Therein lies the focus of the Baton Rouge airport staff today — to them, it’s more like the revitalization program that keeps on wanting. The impression one gets on a visit here is, with that comes a sense of activity, of accomplishment, of loyalty to a director and a community, particularly the newcomers.
Always part of the Baton Rouge economic engine, the airport’s role has been magnified. It just so happens that by mid-2005 when Katrina made her visit, the airport had mentally positioned itself for energizing the community and capturing new opportunities. Timing or fate? It isn’t lagniappe, but it’s close.
Step one: a ‘cash cow’
The airport is overseen by a 13-member commission, four of which are state-elected officials along with the local mayor. The city council sits as airport authority and sponsor. “We keep officials focused on the airport,” says Marino. “It’s like [dealing with] Congress sometimes.”
By the mid-1990s, when Marino became director, the city was anxious to see the terminal enlarged and enhanced. Operating as an Enterprise Fund, the airport could expect no financial support.

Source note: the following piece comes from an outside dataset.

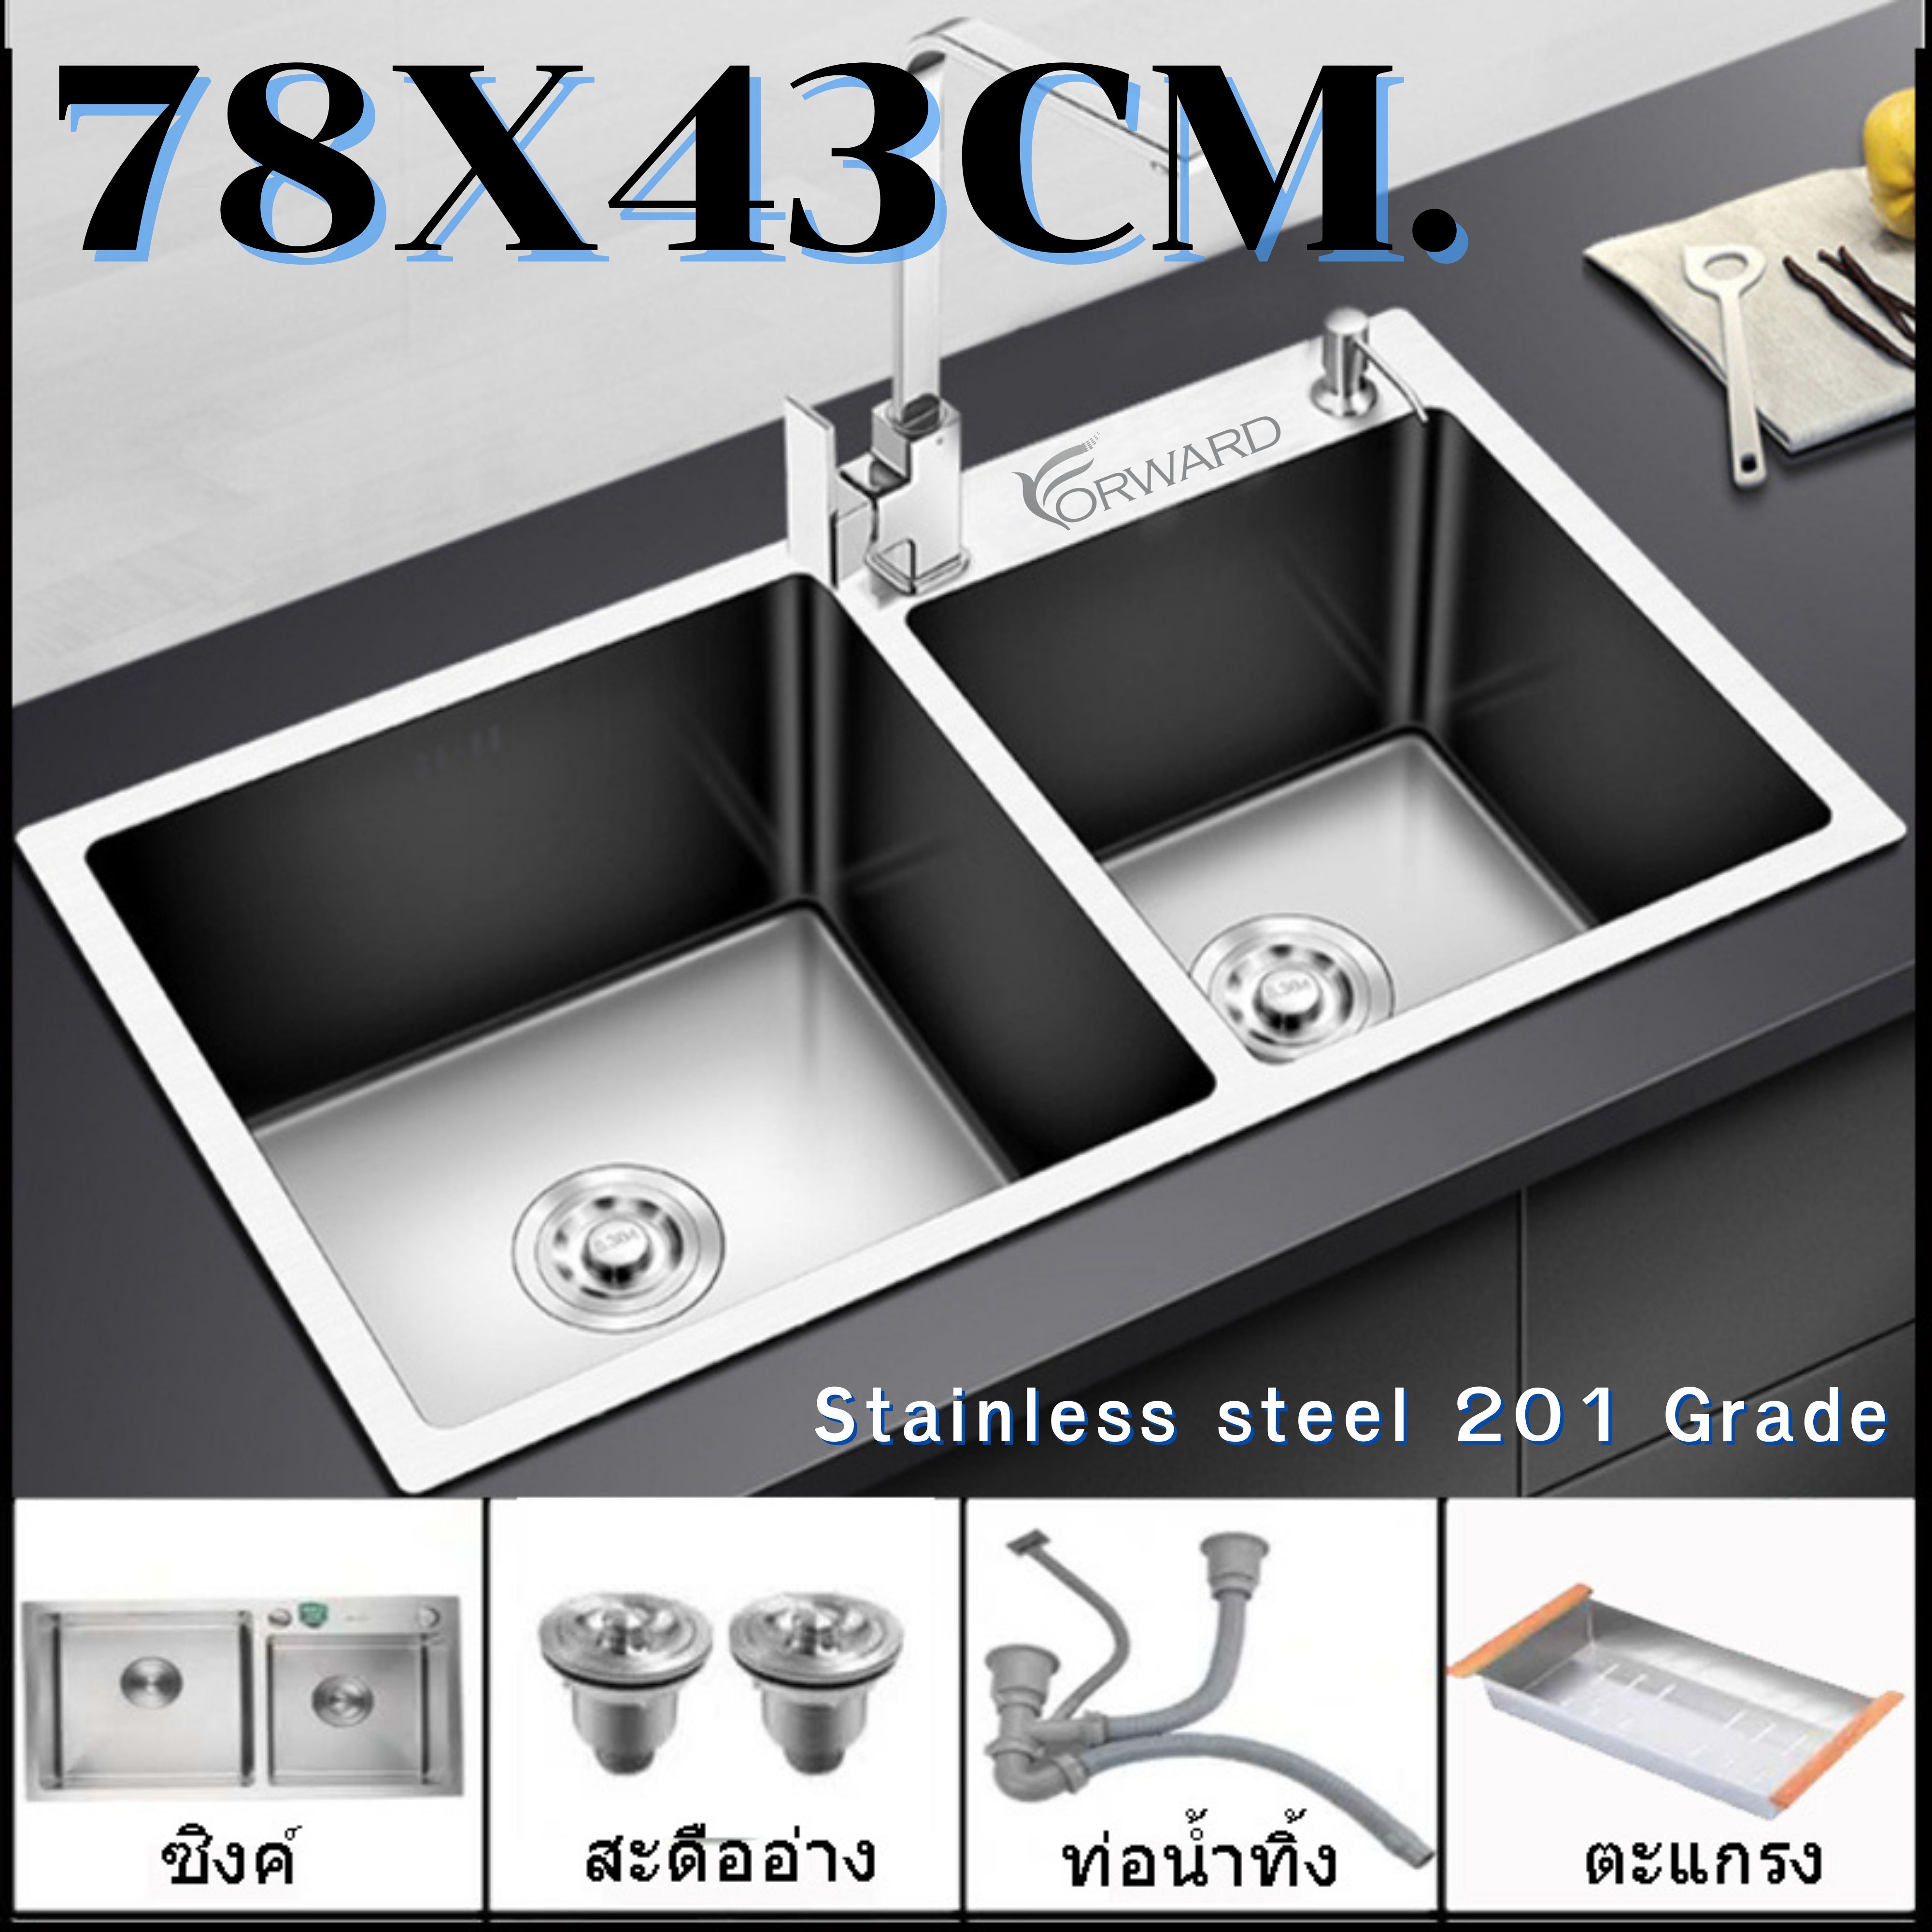 HM7843 Kitchen sink ,stainless steel,sink ซิงค์ ซิงค์ล้างจาน อ่างล้างจาน ซิงค์สแตนเลส201 อ่างล้างจานสแตนเลส ซิงค์สแตนเลส สแตนเลส201

And, says Marino, the airlines had no interest in financing terminal reconstruction.
Since that time, Marino and his team have directed some $297 million worth of improvements, and another $100 million is in the works. It happened one step at a time.
Recalls Marino, “In the latter part of 1996 we started rolling. We knew we had to find a cash cow, and that was the first parking garage. We had to find a way of securing some money — not having debt on the garage, it would be the cash cow to support other revenue bonds.
“We ended up with 13 funding sources to pay for this terminal building. If you’re going to do $297 million in about nine years, 80-something projects, you’d better come up with some creative ways of doing it.”
The airport also instituted a $4.50 passenger facility charge for the terminal project as well as a $3.25/day customer facility charge to build a new rental car facility adjacent to the terminal.
Marino points out that $184 million of the projects were in process pre-Katrina. “It wasn’t done for Katrina,” he says. “We had all this wonderful new capacity — in one day, it’s gone.”
The airport is also seeking other sources of revenue, evidenced by a recent agreement to lease 112 acres to Coca Cola for a distribution plant. And, it continues to seek opportunities in the MRO (maintenance/repair/overhaul) market. It currently hosts a Delta regional jet maintenance facility, which is growing, and is working to put in an on-airport A&P technician school to feed that labor segment.
In January, the airport announced another $100 million for construction, much of it focused on airfield upgrades. BTR officials have submitted a letter of intent application with FAA for $40 million.
Comments Ralph Hennessy, assistant director, “We had completed a master plan in 2004. Traffic forecasts were mainly for an RJ fleet. As a result of the hurricane, we started getting a lot more mainline aircraft. FedEx started coming in with their Airbus’s. We had military aircraft coming in — C-17s, C-5s. All that weight accelerated what had been projected as a need in five years to two years.” Projects include reconstruction of the primary runway, four taxiways, an ILS, and more airfield accommodation for business aviation that has relocated from New Orleans.
Making it attractive to airlines
Baton Rouge Metropolitan recently welcomed its first low-fare carrier, Frontier, which is flying direct to Denver International. The airport put together a $1 million incentive package, much of it centered on rent concessions and marketing. BTR’s annual marketing budget is $500,000.
To quell concerns in the community about subsidizing a new entrant, the airport contracted with Louisiana State University, based here, to uncover the economic impact of adding the low-fare airline.
Says Marino, “Their investment to come to Baton Rouge — equipment, allocation of resources — is $9.8 million. They make a substantial investment to the community. The community has to step up.
“We haven’t stopped with low-fare; now we have to look to the east.”
Marino emphasizes the need to keep costs reasonable to the carriers while maintaining a level of service. Thus, the airport controls all gates and provides all furnishings, ticket counters, and flight displays.